A number of members of the fibroblast growth factor (FGF) family of proteins have been also been investigated for their ability to stimulate vessel formation within polymer scaffolds. The most popular proteins of this family are FGF-1 (or acidic FGF) and FGF-2 (basic FGF), which are potent endothelial cell (EC) mitogens and are known to stimulate neovascularization.
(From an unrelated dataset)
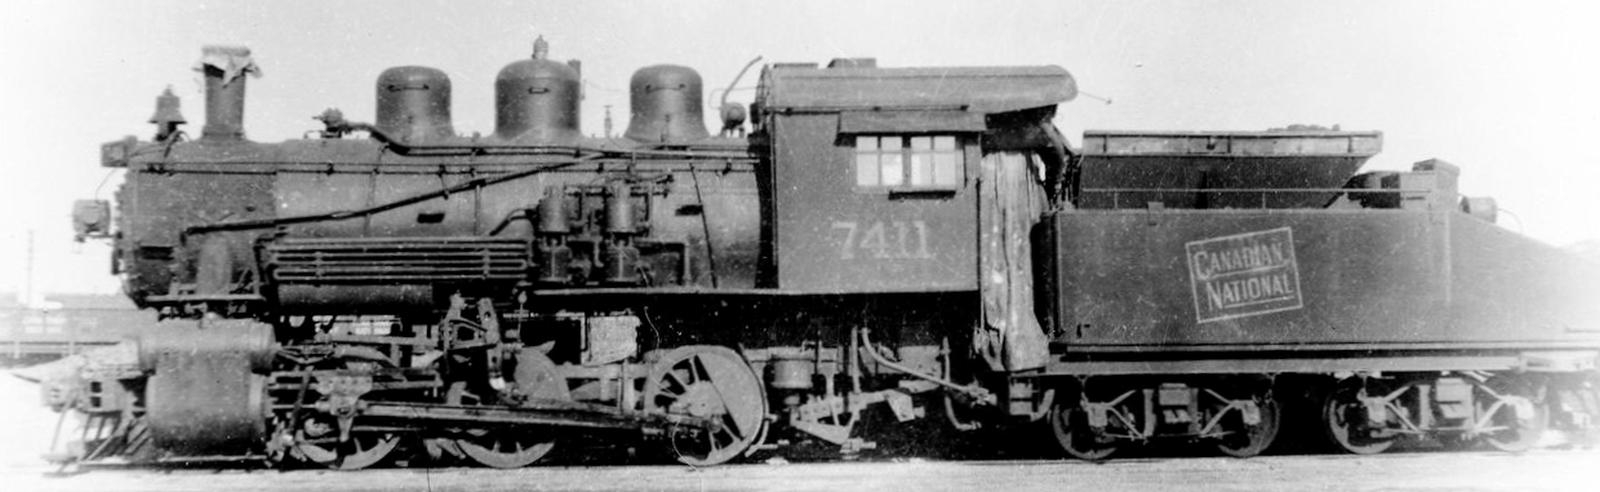 No. 7411 in May 1954 in Saskatoon

We have recently shown that the controlled delivery of FGF-1 from alginate microbeads results in a more persistent neovascularization response relative to bolus delivery.79 The incorporation of these beads into collagen scaffolds results in both an increase in initial vessel invasion into the collagen and a longer persistence of the vascular network fomed.10 In addition, by delivering FGF-1 from alginate the dose required to achieve vascularization is lower than what is required when the protein is suspended in the scaffold.9 While the sustained delivery from alginate increases the lifetime of the vessels, measures of vessel maturity did not increase.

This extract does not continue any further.